Twitter is a crazy thing–little blue birdie…tweet, tweet, tweet.

Why do we even do it (tweet)?

Here are the “4 Stages of Getting Twitter” (Credit: Andfaraway):
  • Stage 1–It starts with utmost skepticism and even denigrating the tool (e.g. it’s stupid, dumb, a time-waster…)
  • Stage 2–Then it moves to well why don’t I just try it and see what all the commotion is all about–maybe I’ll like it?
  • Stage 3–As the interaction with others (RT’s, @’s and messages) start to flow, you have the ah ha moment–I can communicate with just about anyone, globally!
  • Stage 4–I like this (can anyone say addiction!). I can share, collaborate, influence–way beyond my traditional boundaries. This is amazing–this is almost miraculous.
Here are some other things I like about Twitter:

1) Like a journal, it’s a way to capture your thoughts, experiences, feelings, likes/dislikes. (One thing I don’t like about Twitter is there is no good way that I know of to archive or print them–I hope they fix this, please).

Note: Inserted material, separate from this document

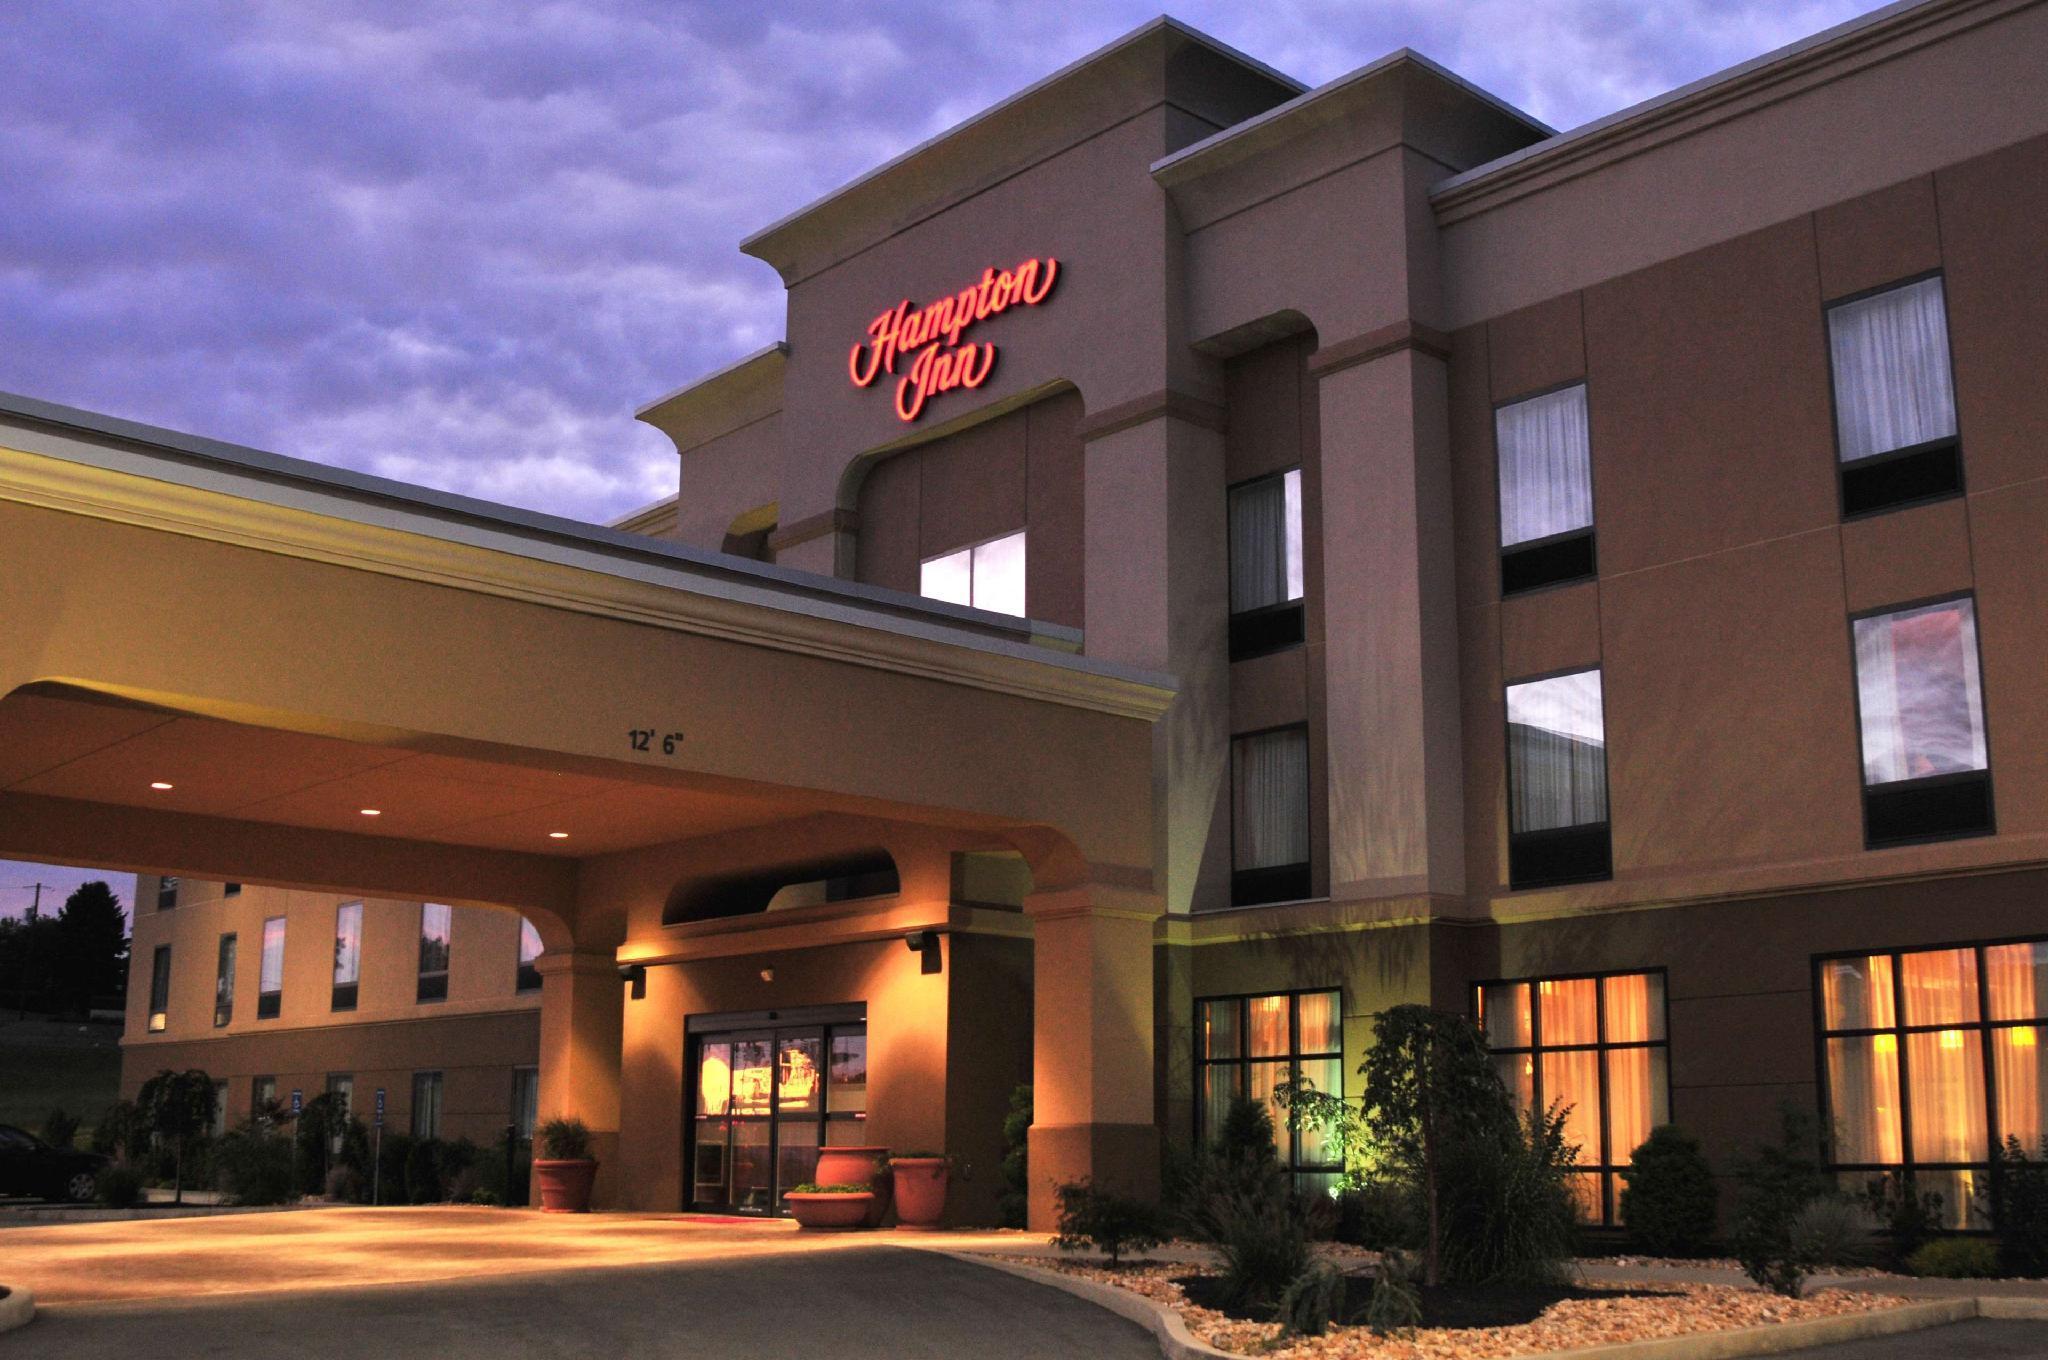 Hampton Inn And Suites Indiana

2) Another thing about Twitter (and Blogger and Wikipedia for that matter)…I imagine sometimes that this is an incredible social time capsule (i.e. knowledge repository) that we are putting together (almost unknowingly) that will carry humankind forward past any future natural or man-made disasters. Years ago, people would bury a few mementos in a treasure chest or something, as a time capsule, and what a find this would be for people years later when they would open it up and learn firsthand what life was like “those days.” Now, imagine the treasure trove of the exabytes of information contributed to by hundreds of millions people from around the world. What is also fascinating to me is that people contribute enormous amounts of their time and energy and all for free–hey, this is even less than what Amazon’s Mechanical Turks could do this for! 🙂

Clearly, people want to express themselves and connect with others–and social media gives ever new meaning to this beyond physical space and time.